Analysis of Tennessee Williams’s A Streetcar Named Desire

By NASRULLAH MAMBROL on October 13, 2020 • ( 0 )

Tennessee Williams ‘s (March 26, 1911 – February 25, 1983) A Streetcar Named Desire (1947), is generally regarded as his best. Initial reaction was mixed, but there would be little argument now that it is one of the most powerful plays in the modern theater. Like The Glass Menagerie , it concerns, primarily, a man and two women and a “gentleman caller.” As in The Glass Menagerie , one of the women is very much aware of the contrast between the present and her southern-aristocratic past; one woman (Stella) is practical if not always adequately aware, while the other (Blanche) lives partly in a dream world and teeters on the brink of psychosis; the gentleman caller could perhaps save the latter were circumstances somewhat different; and the play’s single set is a slum apartment. It is located in Elysian Fields, a section of the French Quarter of New Orleans. The action takes place in the downstairs two-room apartment rented by the Kowalskis.

essay for a street car named desire

Marlon Brando and Kim Hunter in the 1951 adaptation of A Streetcar Named Desire

Stella Kowalski relaxes in a shabby armchair in the bedroom of the small apartment. She eats chocolates and reads a movie magazine. Stella’s husband, Stanley Kowalski, enters, carrying a package of meat dripping with blood and yelling for his wife. Stanley tosses the meat to Stella, who catches it in a surprised reaction. Stanley leaves to go bowling with his friends, and Stella decides to tag along. She hurriedly primps in the living room mirror, quickly closes the apartment door behind her, and says hello to Eunice Hubbell and a Negro Woman who are sitting on the landing. As she exits, the two women laugh about Stanley’s lack of manners.

Blanche DuBois enters. She is carrying a small suitcase and a piece of paper. She is a fading Southern belle, whose appearance suggests she is going to a garden party, but her search for her sister, Stella, has landed her in the slums of the French Quarter. Eunice notices the confused Blanche, and she asks whether she is lost. Blanche explains that she was instructed to take a streetcar named Desire to Elysian Fields via a streetcar called Cemetery. Eunice informs her that she is indeed in the right place. Eunice lets her into the Kowalskis’ apartment to wait for Stella while the Negro Woman fetches Stella from the bowling alley. Blanche has arrived unannounced, and she is shocked to discover Stella living in such a dismal place.

Blanche searches for a drink, and Stella enters. The two sisters are ecstatic to be reunited. Blanche speaks excitedly, overwhelming Stella with criticism of the apartment.
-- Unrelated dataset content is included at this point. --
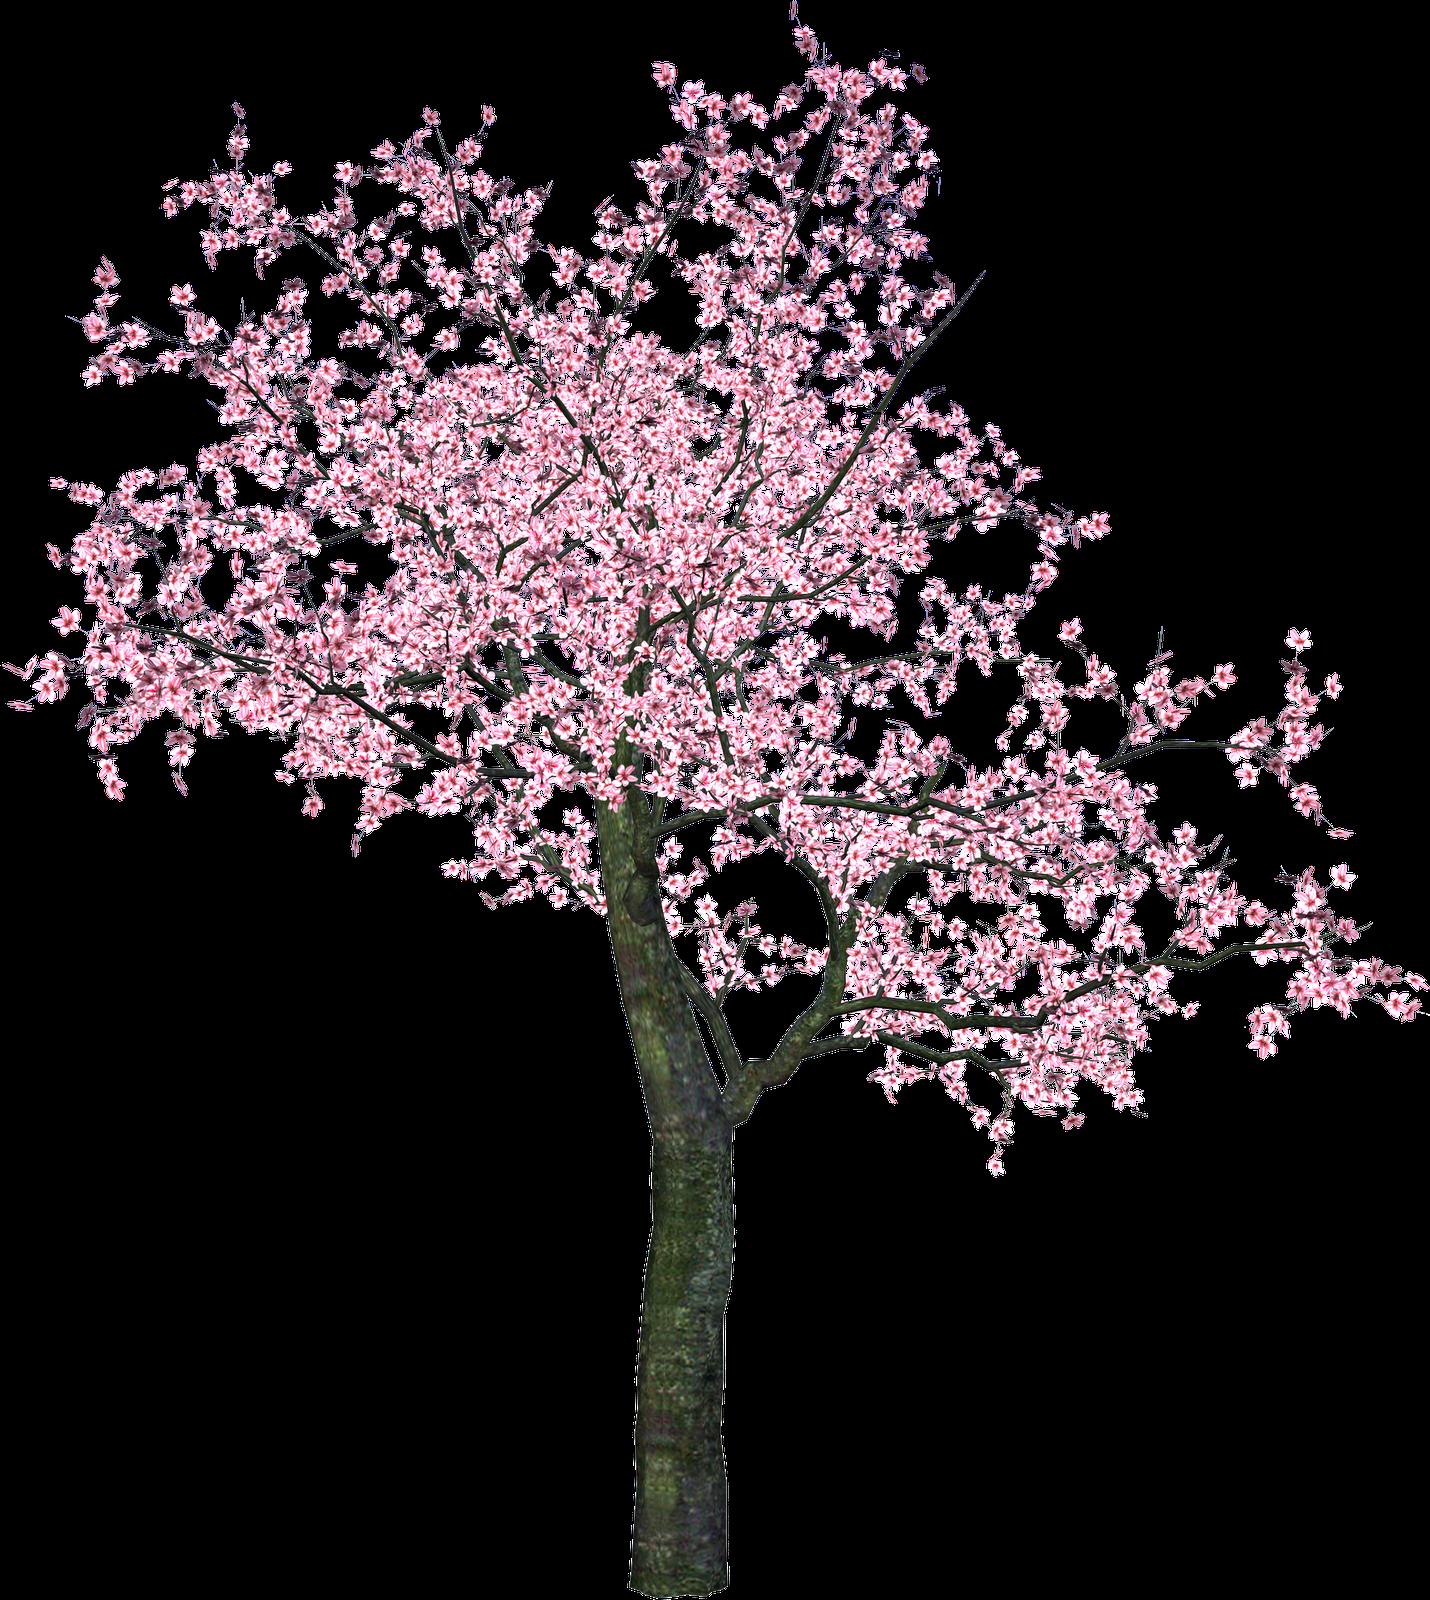 Gifs y fondos pazenlatormenta flores chinas - Rosas chinas ...

Stella is speechless and hurt by these remarks, and she notices that Blanche is shaking and anxious. Stella is concerned by her sister’s behavior, and she attempts to calm her nerves by offering her a drink. Blanche urges Stella to explain why she is living in such depressing conditions. Blanche says she has taken a leave of absence from her high school teaching job. She says that she is having a difficult time and needed a break. Blanche mentions the weight Stella has gained, and she compliments her on her appearance; however, Stella knows that her sister is being critical. Blanche demands that Stella stand so she can fully analyze the size of her hips, her less than perfect haircut. She asks Stella about having a maid, but the Kowalskis’ apartment only consists of two rooms. Blanche is horrified by this news. She pours another drink to curb her intolerance of the place. Blanche has been lonely; she feels her sister abandoned her when she left Mississippi and their father died. Blanche admits that she is not well. Stella insists that her sister stay at the apartment, and she directs her to a folding bed. She insists that Stanley will not mind the lack of privacy, as he is Polish. Stella advises her sister that Stanley is unlike the Southern gentlemen they knew back in Laurel, Mississippi. She confesses he is ill mannered, but she is madly in love with him.
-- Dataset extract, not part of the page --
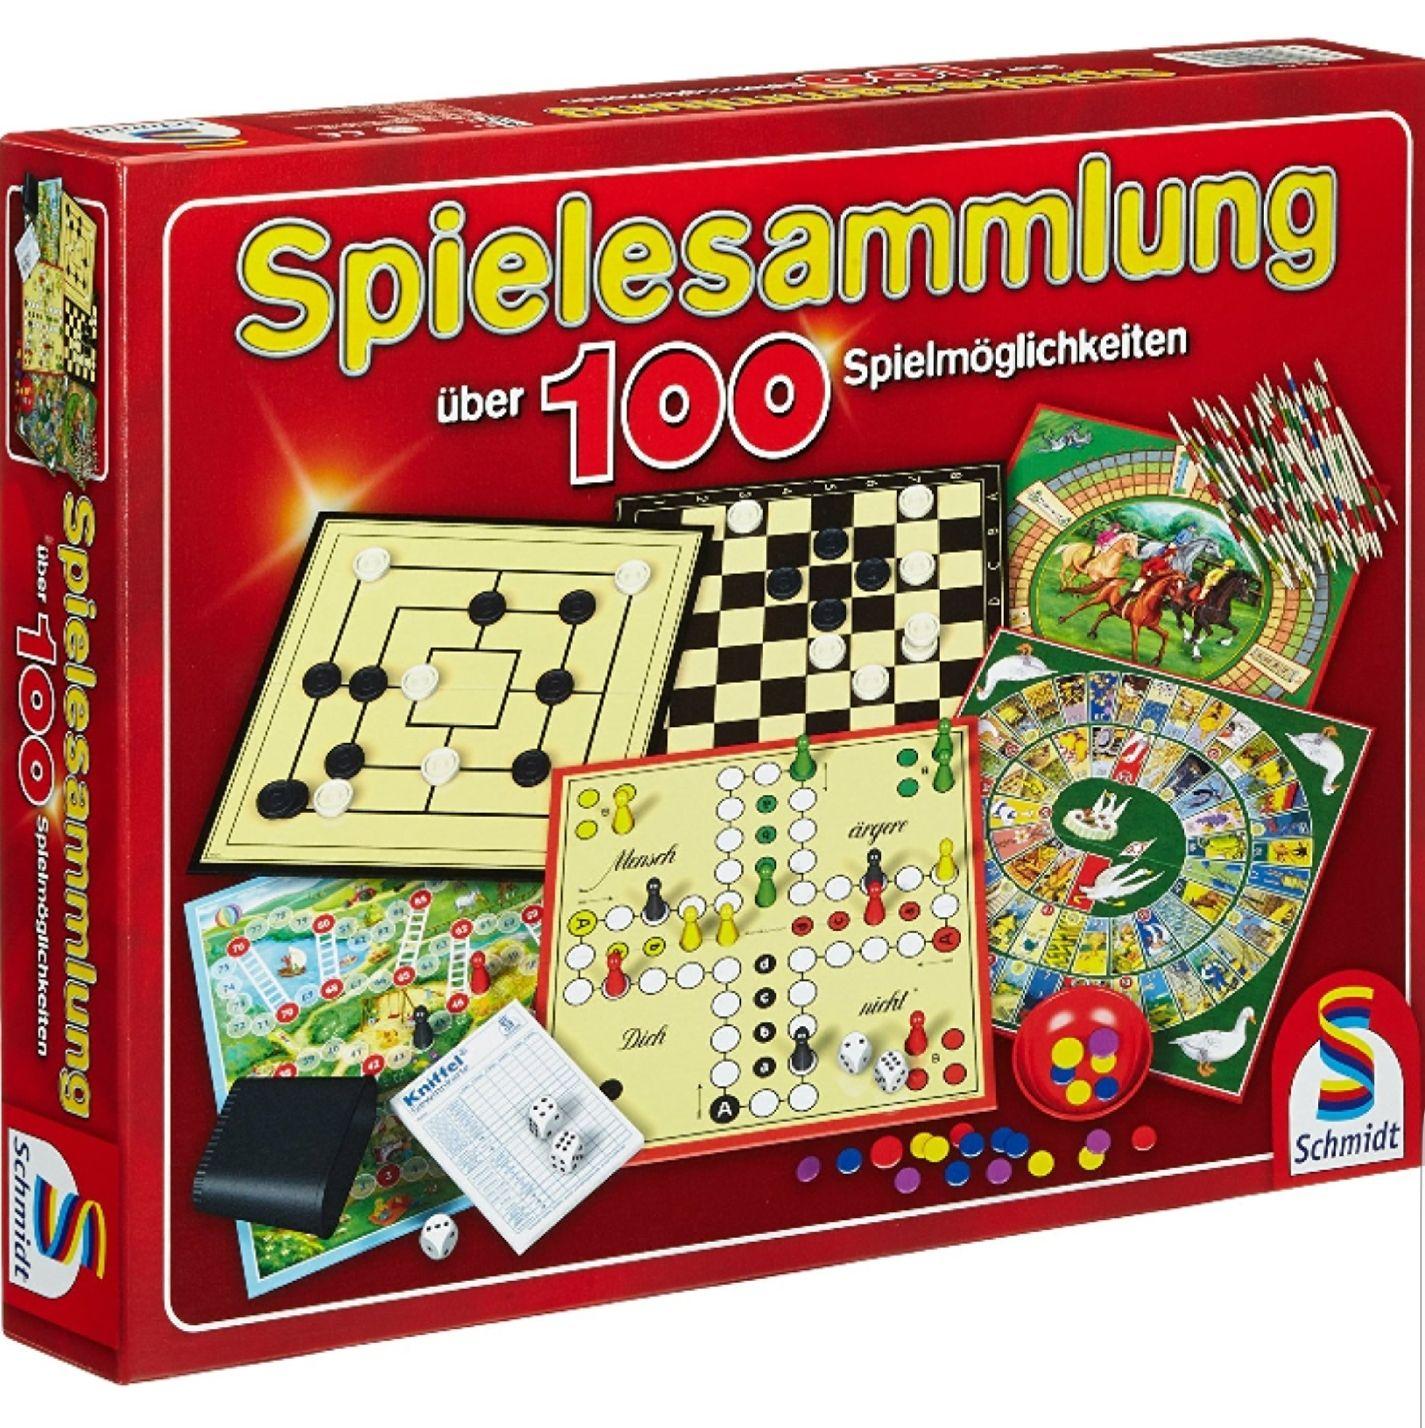 Schmidt Spielesammlung (prime)

Blanche confesses that she has lost Belle Reve, the family plantation. Blanche expresses her resentment of her sister because she was “in bed with [her] Polack” while Blanche scraped and clawed to hold on to Belle Reve. Stella is very upset to know that they have lost their homestead. Blanche bitterly blames the foreclosure on the many deaths in the family. Blanche is plagued with guilt, as well as being hopelessly adrift, and she projects her feelings of loss onto Stella, who runs into the bathroom to escape her sister’s wrath.
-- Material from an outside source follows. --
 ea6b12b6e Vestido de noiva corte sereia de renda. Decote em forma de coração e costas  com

Stanley returns home. He shouts to his friends, Steve Hubbell and Mitch (Harold Mitchell), from the stairwell. Blanche speaks to him before he notices her presence. Stanley is cordial to her and asks for Stella, who has locked herself away in the bathroom. He offers Blanche another shot of whiskey, noticing that the bottle has already been sampled. Blanche declines the offer, stating that she rarely drinks. Her obvious dishonesty spurs Stanley to ask some very personal questions regarding her past, namely, about her husband. He sheds his sweaty shirt to find relief in the summer heat and welcomes her to stay with them. Upset by his meddlesome inquiries, Blanche replies that her young husband is dead. She grows nauseous discussing this subject and has to sit down to regain her composure.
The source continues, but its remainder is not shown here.